╔══

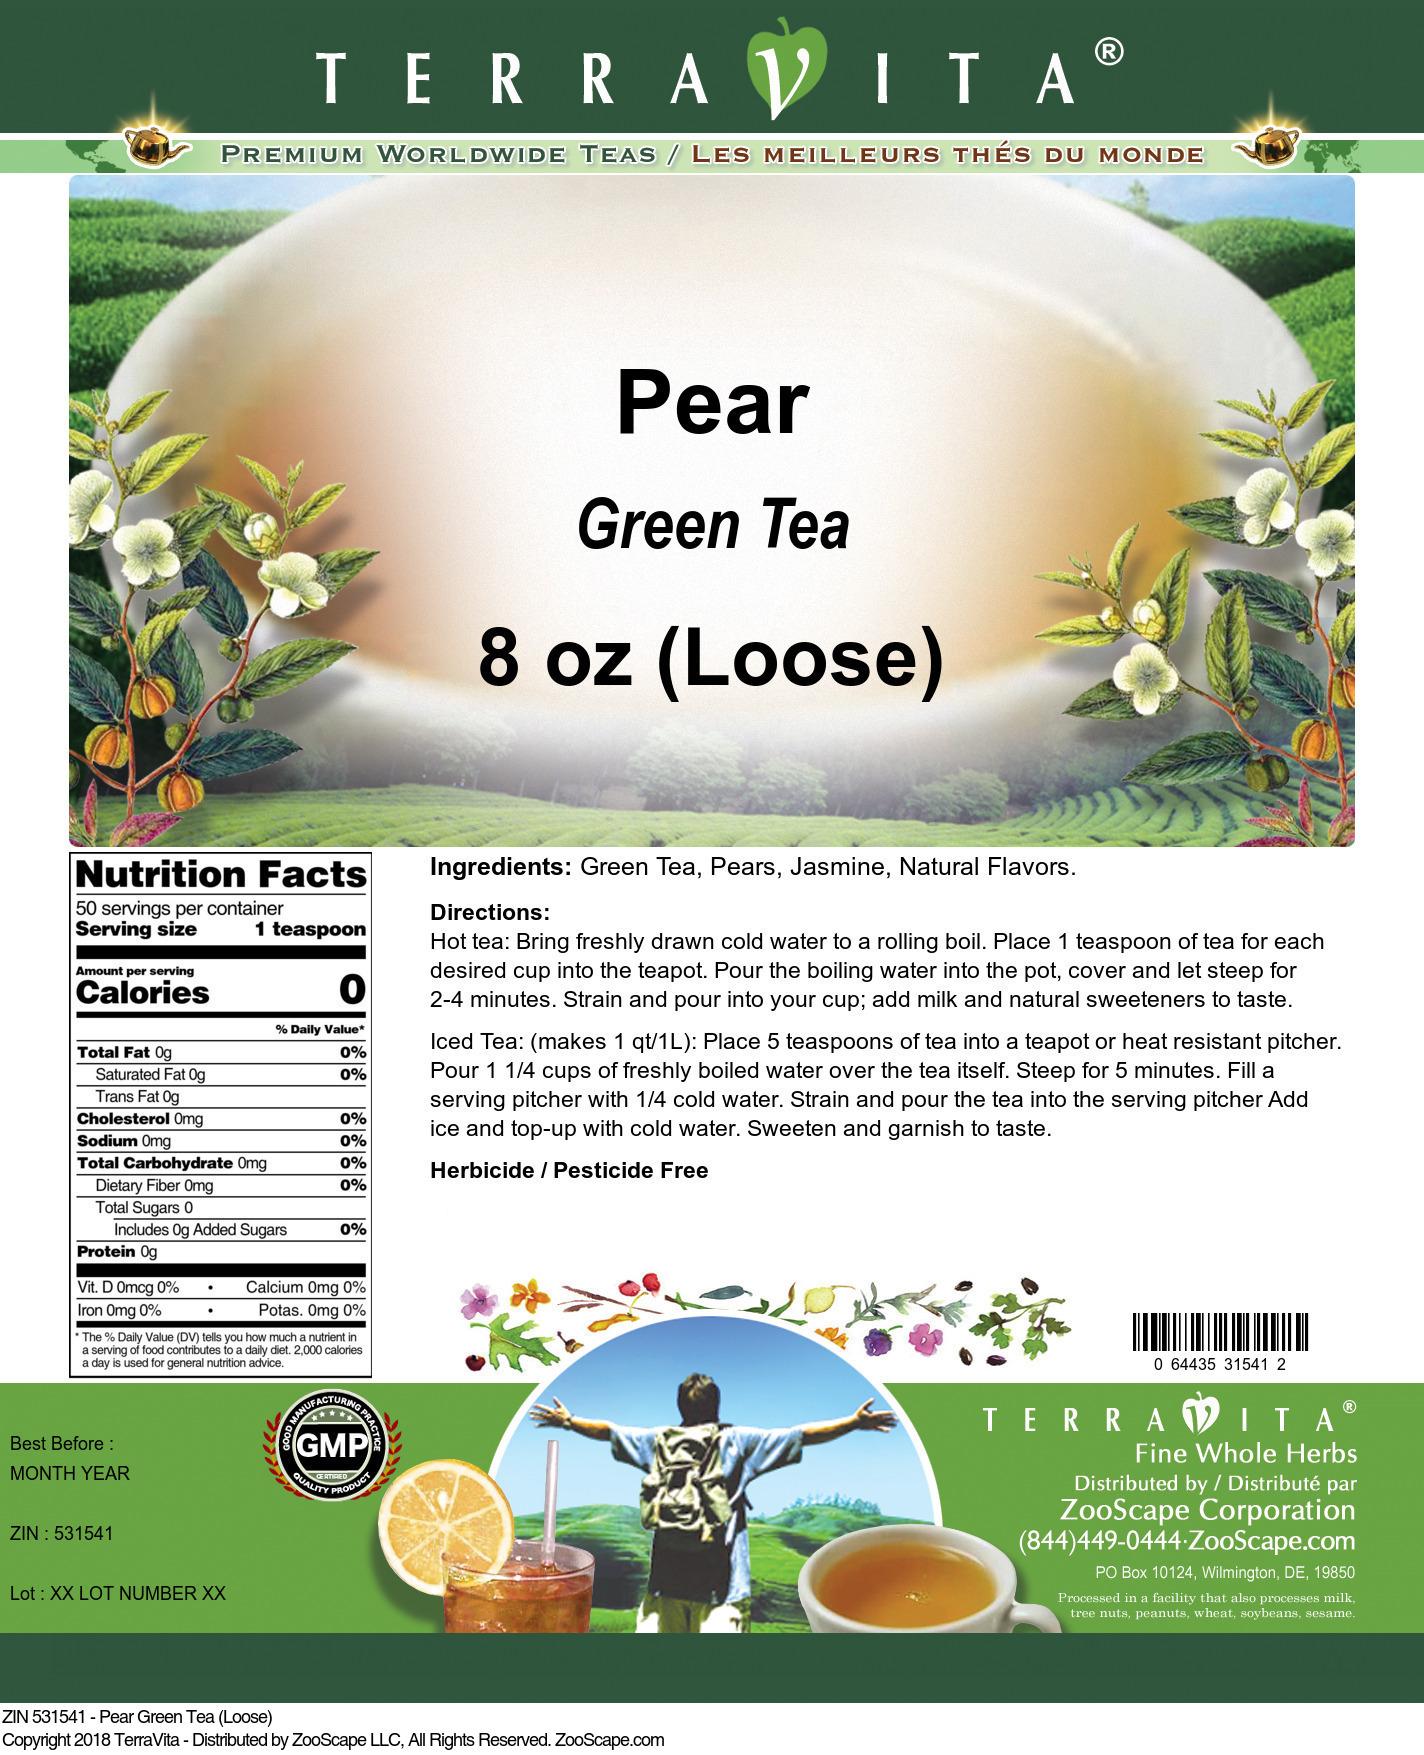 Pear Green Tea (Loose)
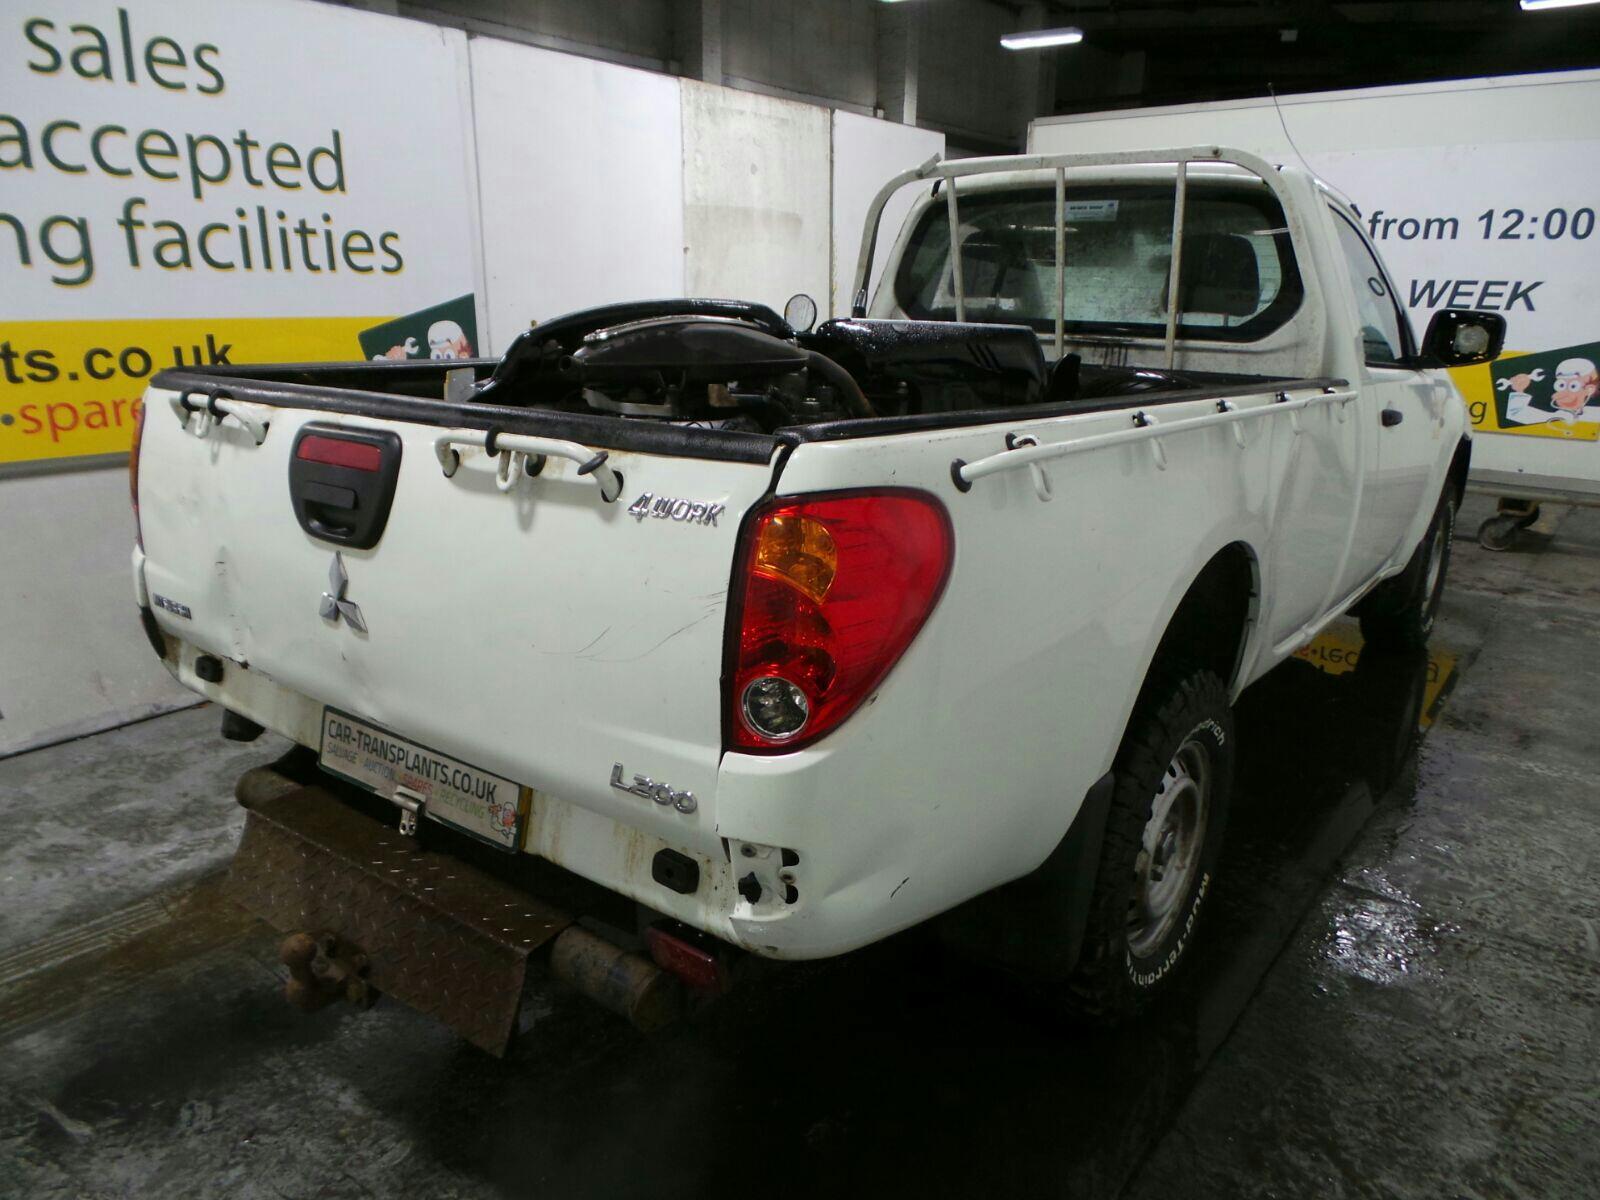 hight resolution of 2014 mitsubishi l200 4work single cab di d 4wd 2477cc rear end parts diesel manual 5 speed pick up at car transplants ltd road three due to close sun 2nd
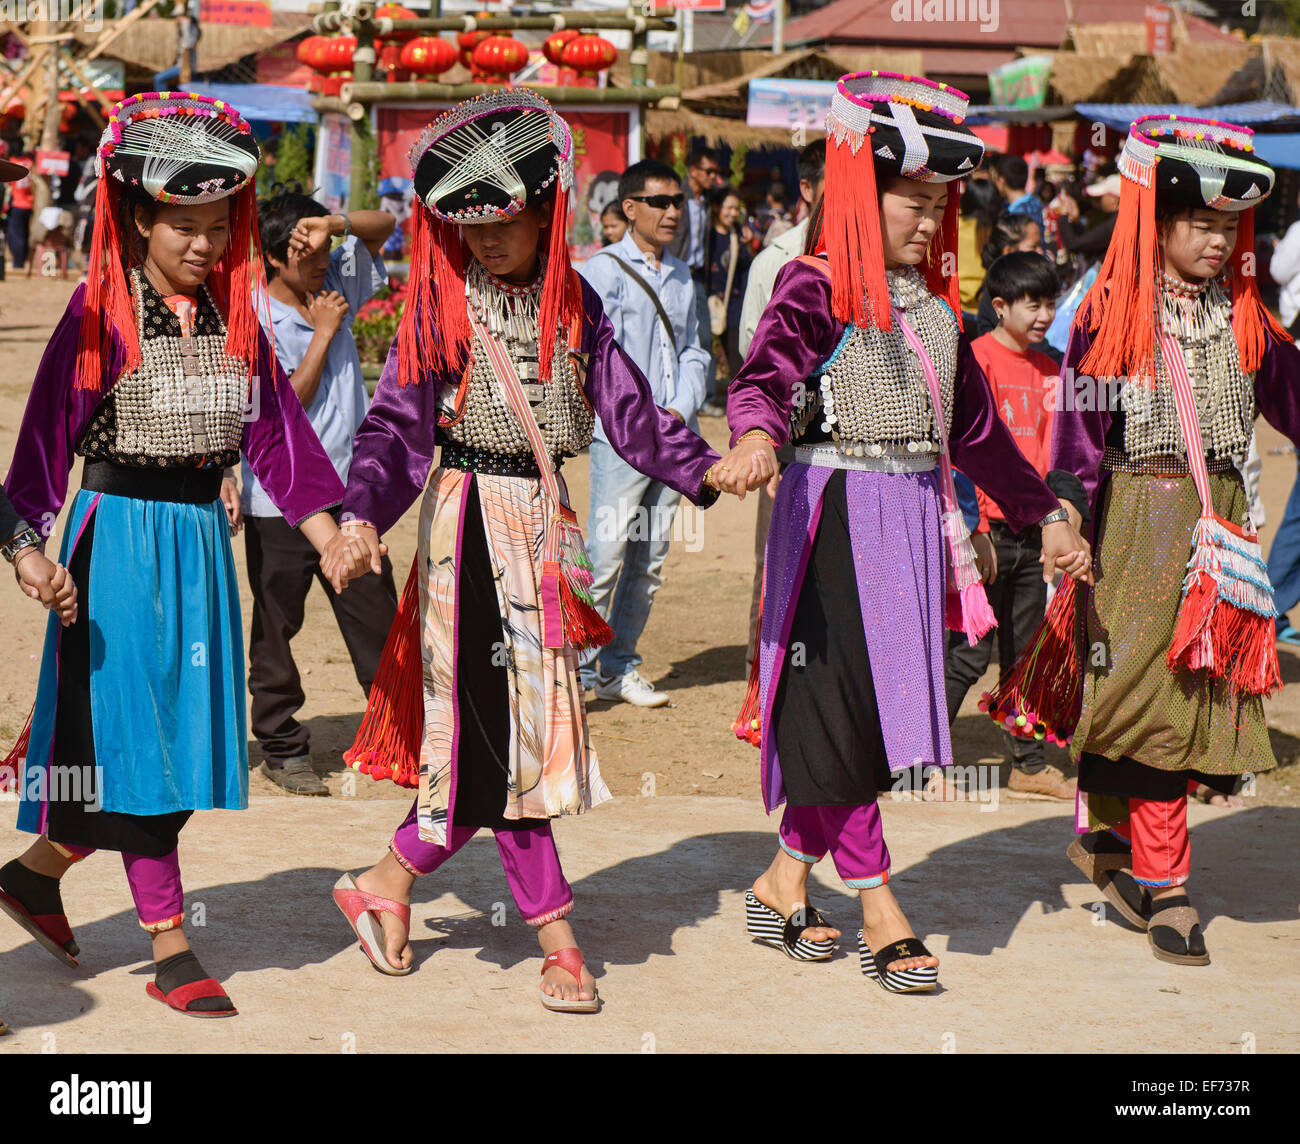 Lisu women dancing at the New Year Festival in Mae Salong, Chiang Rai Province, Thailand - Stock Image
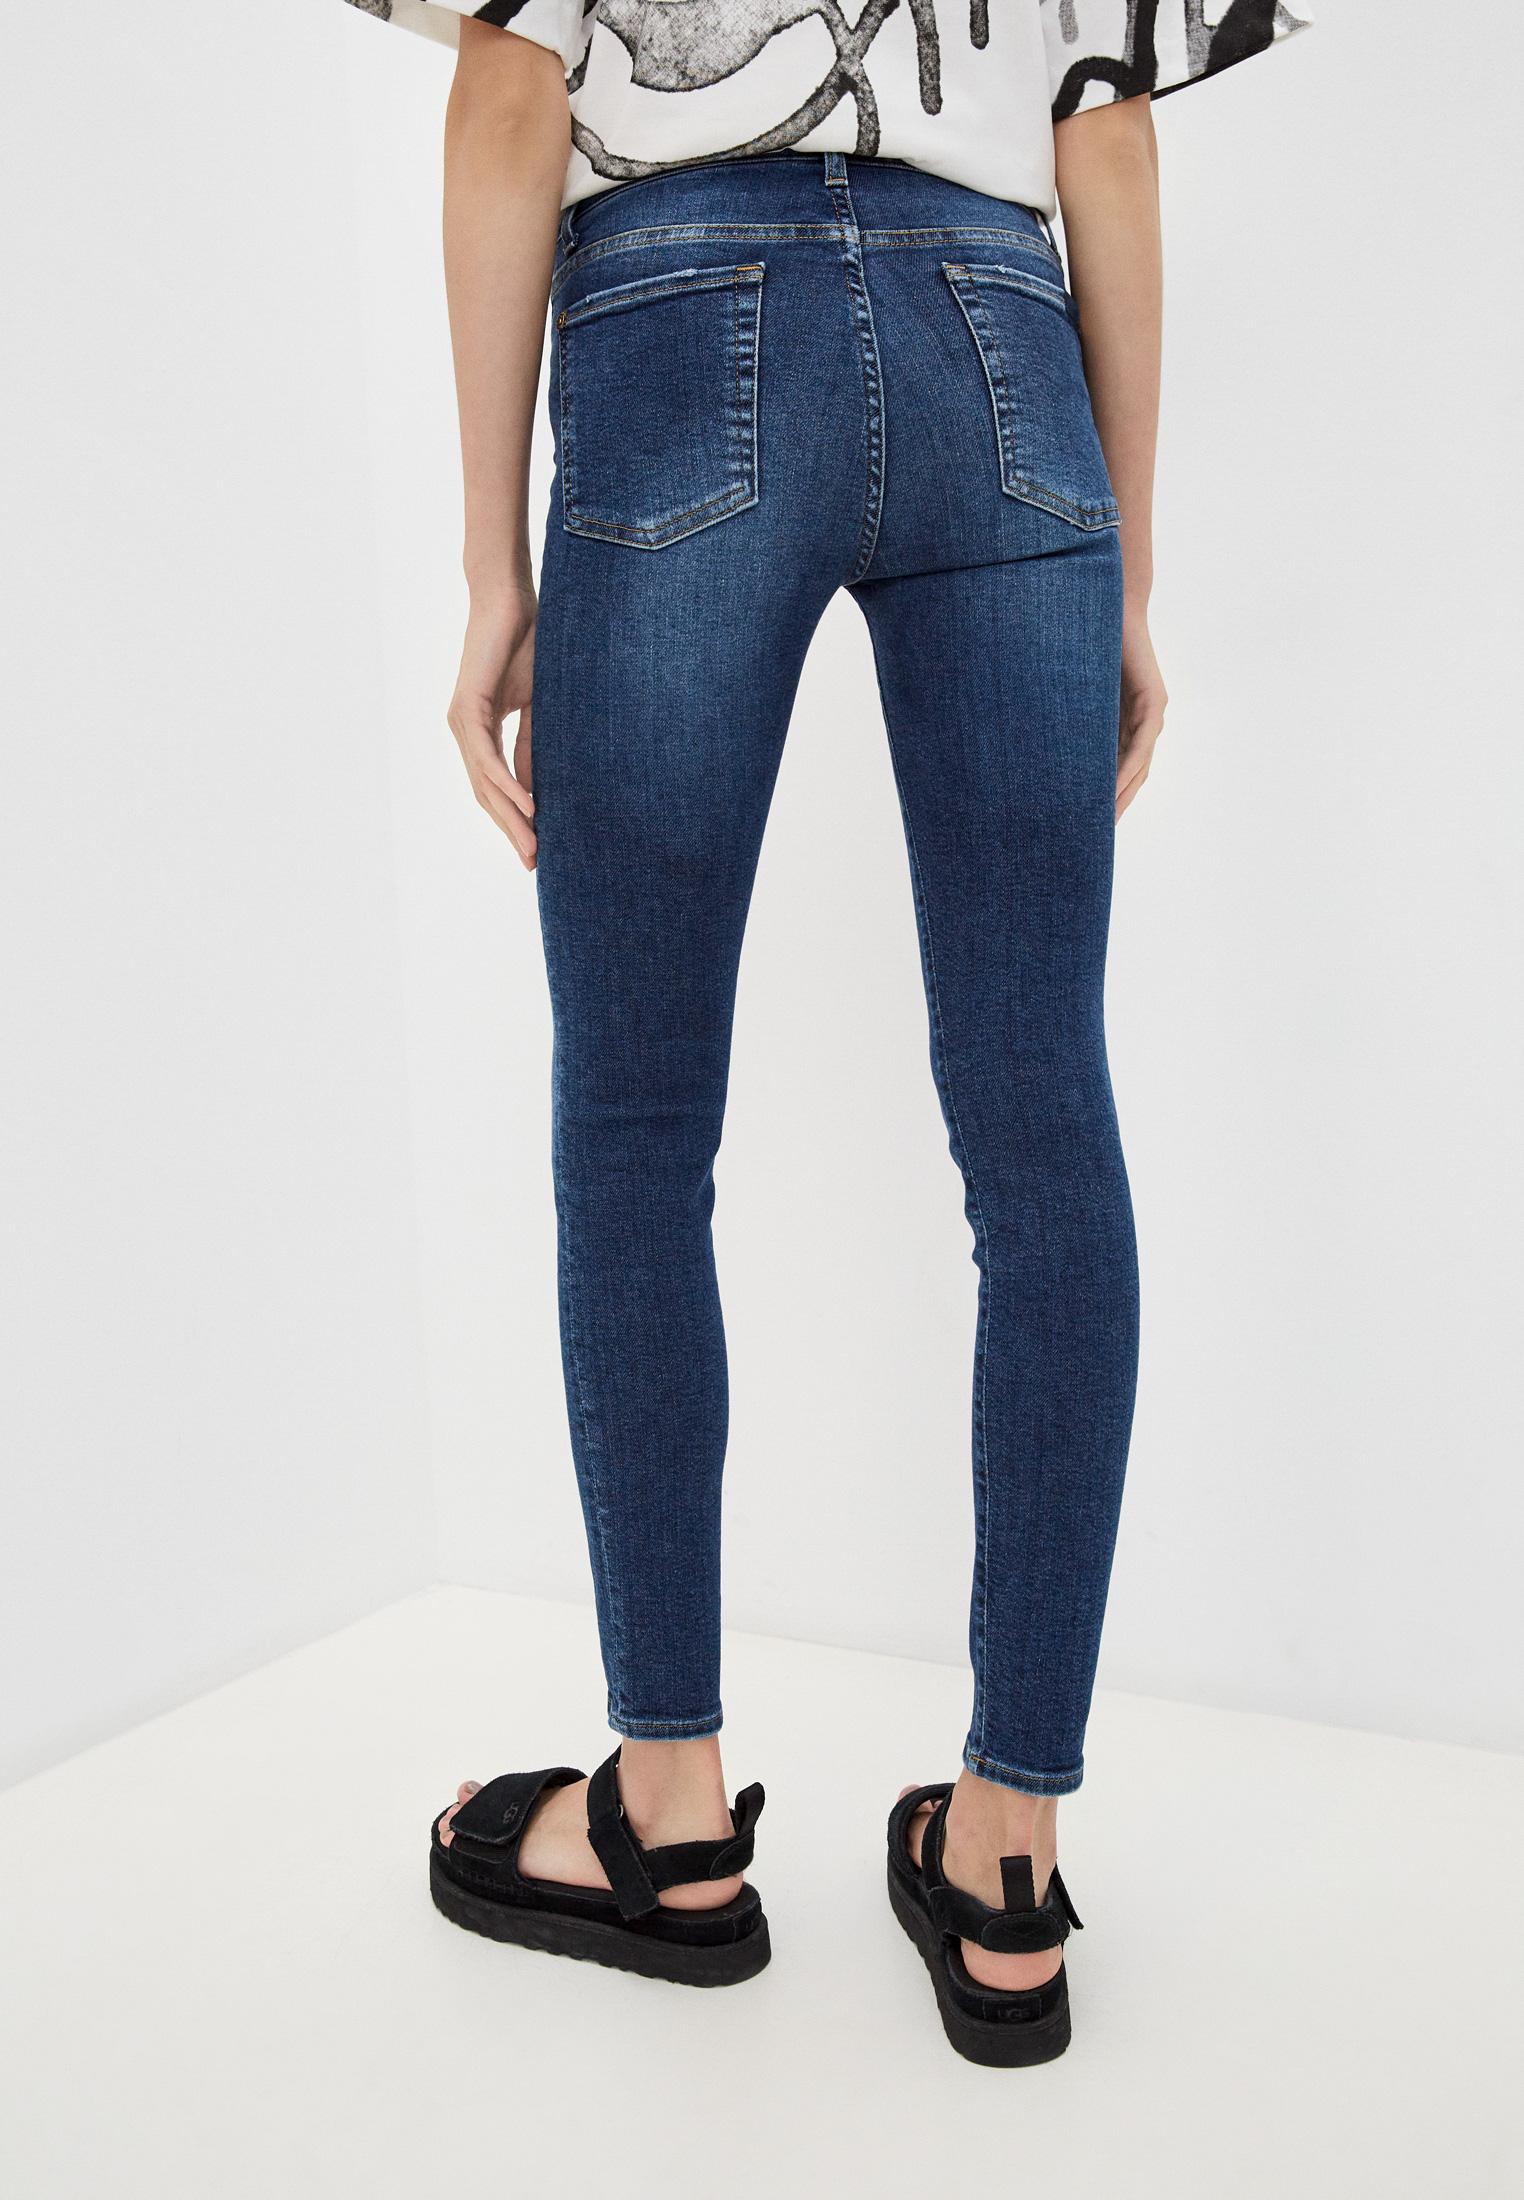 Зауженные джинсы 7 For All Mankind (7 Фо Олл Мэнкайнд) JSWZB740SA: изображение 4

╚══

Activity: Repeat each line of the material exactly, and drop any image it carries.

Response to the exercise:
 Pear Green Tea (Loose)
 hight resolution of 2014 mitsubishi l200 4work single cab di d 4wd 2477cc rear end parts diesel manual 5 speed pick up at car transplants ltd road three due to close sun 2nd
 Lisu women dancing at the New Year Festival in Mae Salong, Chiang Rai Province, Thailand - Stock Image
 Зауженные джинсы 7 For All Mankind (7 Фо Олл Мэнкайнд) JSWZB740SA: изображение 4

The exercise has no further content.